Una sensación de vacío llenó mi pecho mientras los observaba. Pierce ajustó el vestido de Blanca y ambos se sonrieron. Anoche, la inesperada llamada de Klay me había impedido contarle a Pierce lo de Blanca. Me había abrumado tanto el miedo a lo que pudiera pasar que me olvidé por completo de la conversación que necesitaba tener.
«Kelly…» La suave voz de Pierce me devolvió al presente.
Caminó hacia mí, su mirada suave mientras me miraba. «No te preocupes por nada. No puede llevarte otra vez».
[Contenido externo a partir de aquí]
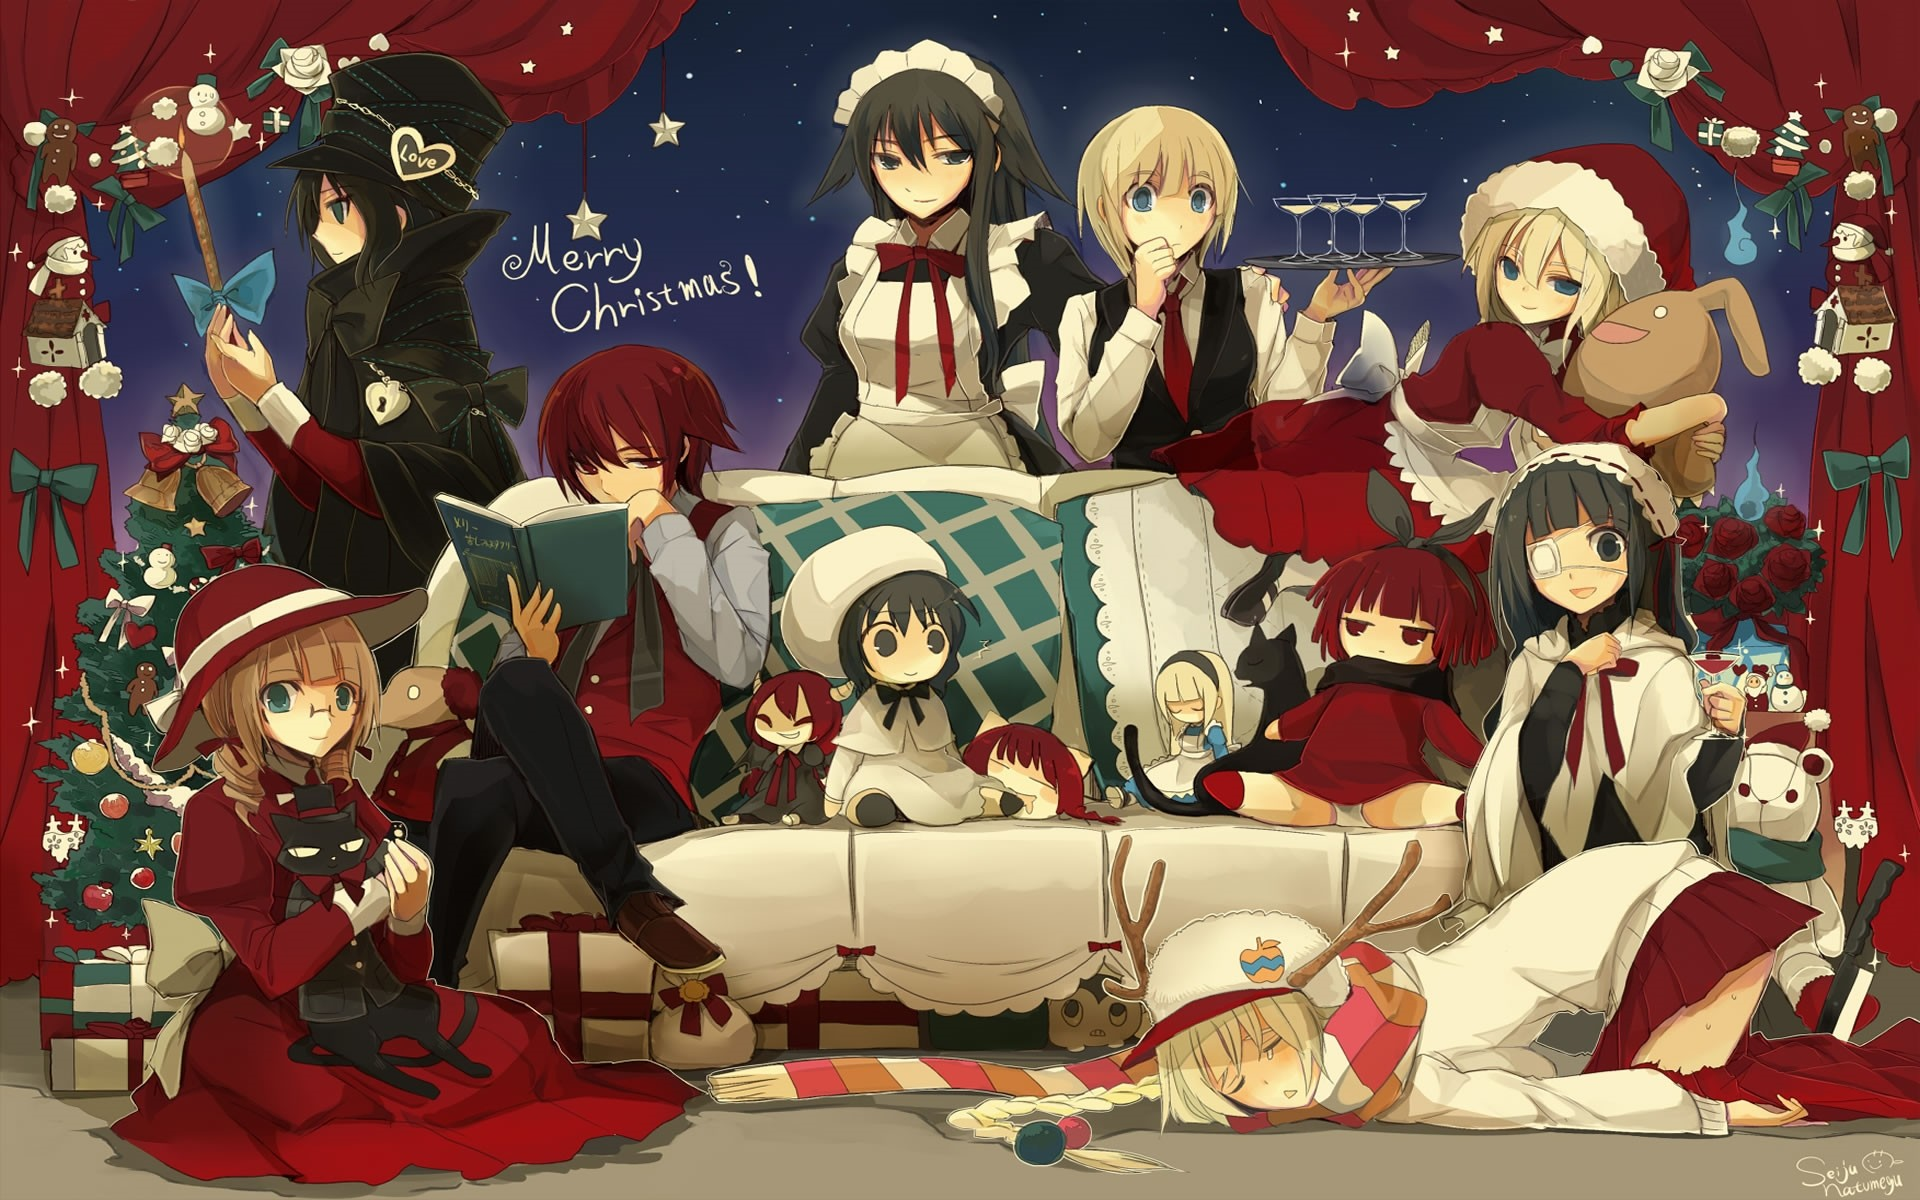 … HD Wallpaper Desktop Background Anime Christmas Wallpaper merry christmas  anime wallpaper …

A primera hora de la mañana, Pierce me había acompañado a la comisaría para denunciar la repentina llamada de Klay. Llevamos a Snow con nosotros porque no podía calmar mi mente.
«No puede volver a tocarte», susurró Pierce, inclinándose para plantarme un suave beso en la sien.
Su gesto me aceleró el corazón. Levanté la mirada hacia él, encontrándome con sus cálidos ojos marrones. Fue entonces cuando la puerta se abrió y me di cuenta de la cantidad de gente que había dentro. Enseguida llamamos su atención y me di cuenta de que me habían reconocido. Tragué saliva cuando Pierce levantó a Blanca y me rodeó la cintura con el brazo. No me atrevía a mirar a la gente que nos observaba.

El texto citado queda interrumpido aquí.